Millotia muelleri is an annual forb; a low-growing herbaceous plant (non-woody stem) that grows, seeds, flowers and dies within a year. Branches are erect and 1–9 cm long, with stems often sprawling and covered in stalked glandular hairs – sometimes also white cottony hairs. The Tasmanian collection is documented at the smaller end of the height range. Leaves at the bottom of the stems are opposite, and upper leaves are alternate. All leaves are linear, 5 – 18 mm long, and also covered with glandular hairs.

Flowers form at the end of branches in compound heads surrounded by a single row of 4 to 5 bracts. The bracts are about 3 mm long and often have purplish clear margins. The flower compounds consist of 3 to 15 bisexual florets, with corollas occurring in colours cream or purplish. Corollas occur in curved tubes of 3 to 4 lobes. They have an achene fruit from 4 to 6 mm long and have a papillated surface, lacking scales, hairs or bristles for dispersal.

M. muelleri germinates from soil-stored seeds, with germination period still unknown. The flowering season is reliant on the timing and intensity of rains in autumn and winter, with a low likelihood of emergence after severe drought. In Tasmania, the bow-flower is known to flower in mid-to-late–October, with a broader range of August to November on the mainland. The germination, growth and flowering of the clustered bow-flower is likely dependent on resource availabilities such as water and bare ground.

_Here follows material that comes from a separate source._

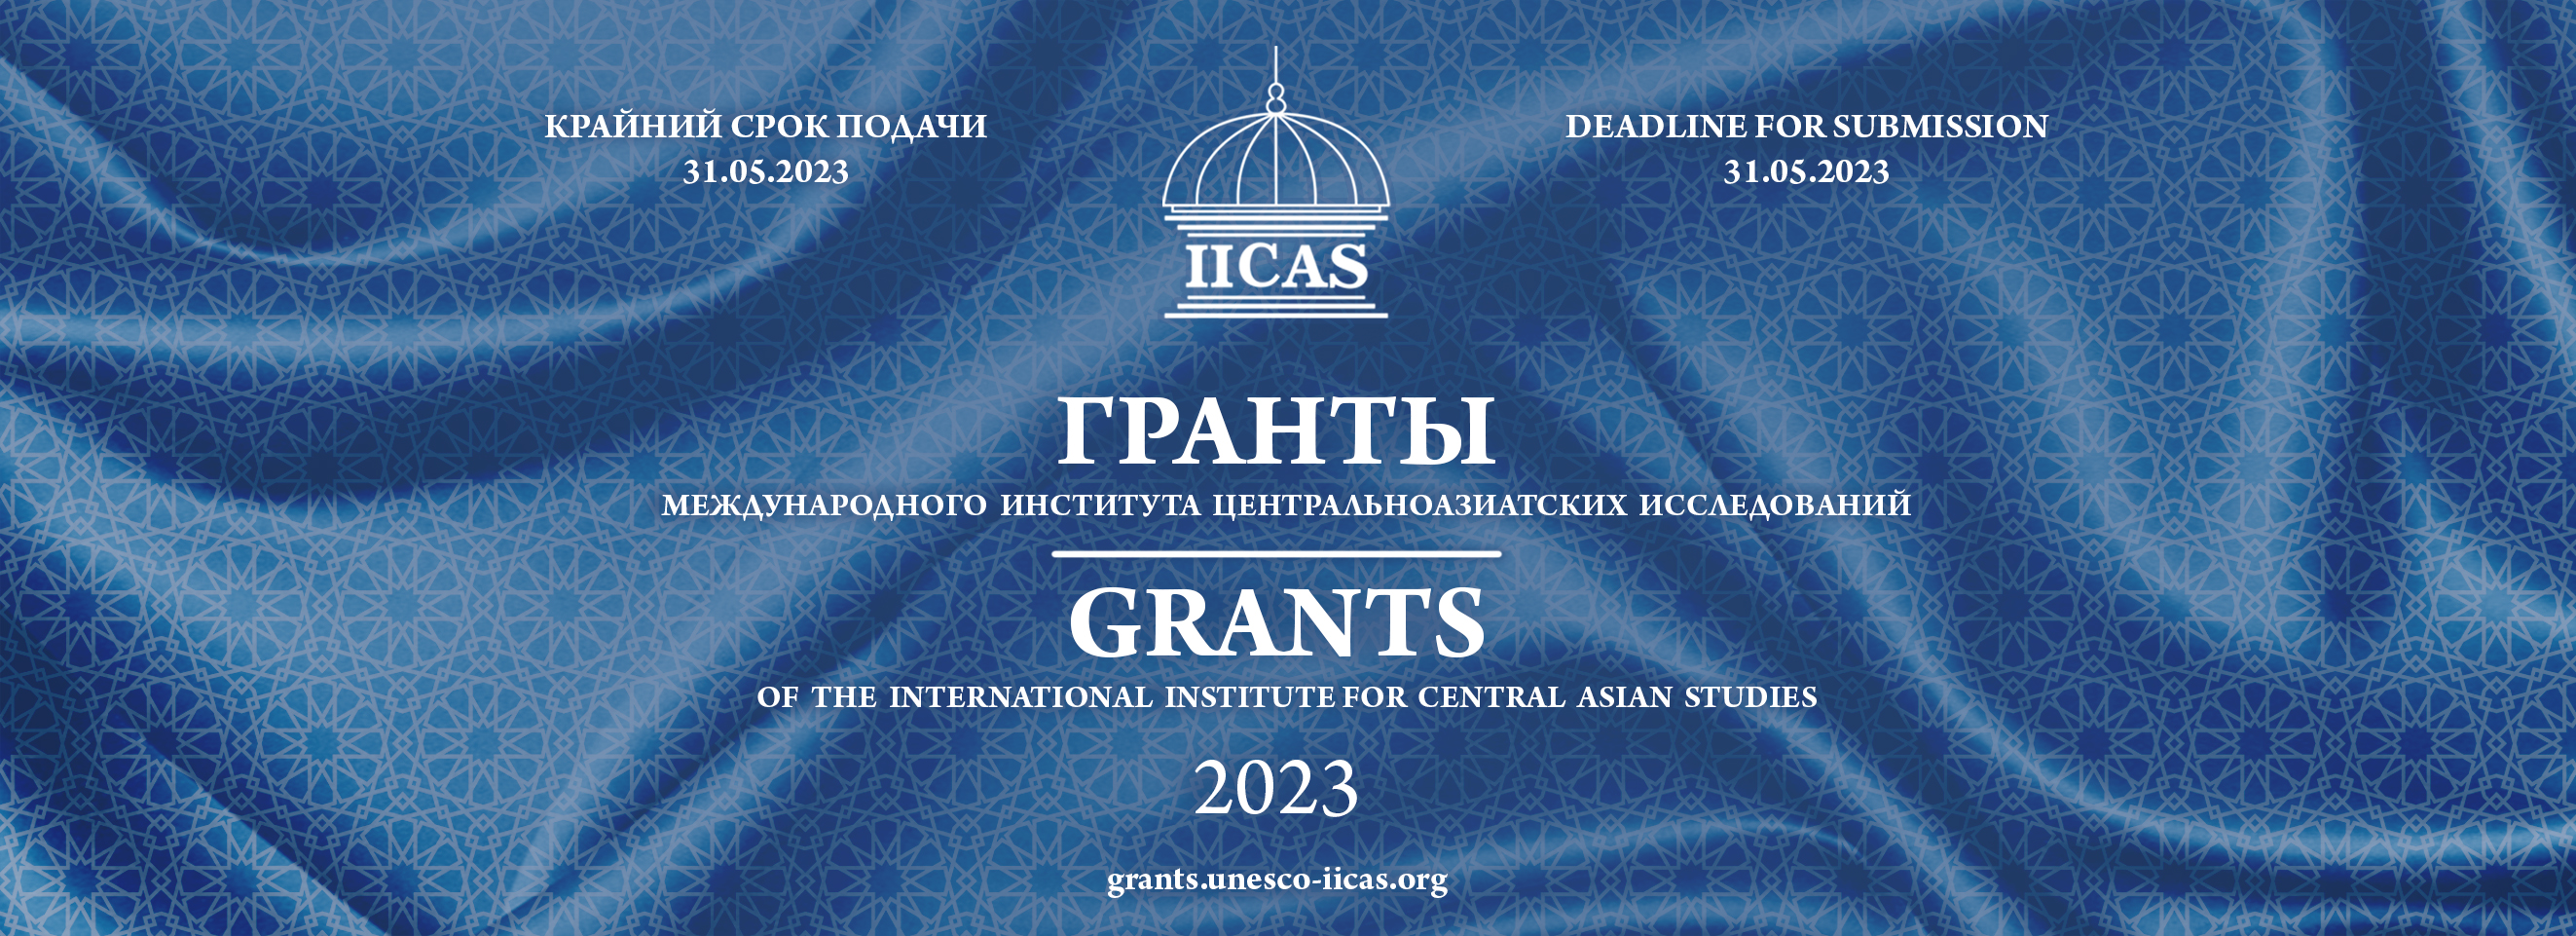 IICAS announces the call for applications for biannual grants under the 2024-2025 Academic Program

There are only two species in the Millotia family in Tasmania (muelleri and tenuifolia), so M. muelleri has high phylogenetic distinctiveness. The curved corollas make create a morphological distinction, and M. muelleri is unlikely to be confused with other species in Tasmania. The other species in the genus is Millotia tenuifolia which has its own distinct, white cottony leaves and flower.

== Distribution and Ecology ==
Millotia muelleri is found in woodland areas in Victoria, New South Wales and South Australia, typically occupying shrublands with sandy soils and rock exposures. In Tasmania, M. muelleri is found in a single location at West Head in the state’s north. This site consists of thin, sandy soil on top of rock plates at the top of a dolerite cliff. Vegetation nearby includes Allocasuarina verticillata (dropping sheoak) and shrubs such as Calytrix tetragona (common fringe myrtle).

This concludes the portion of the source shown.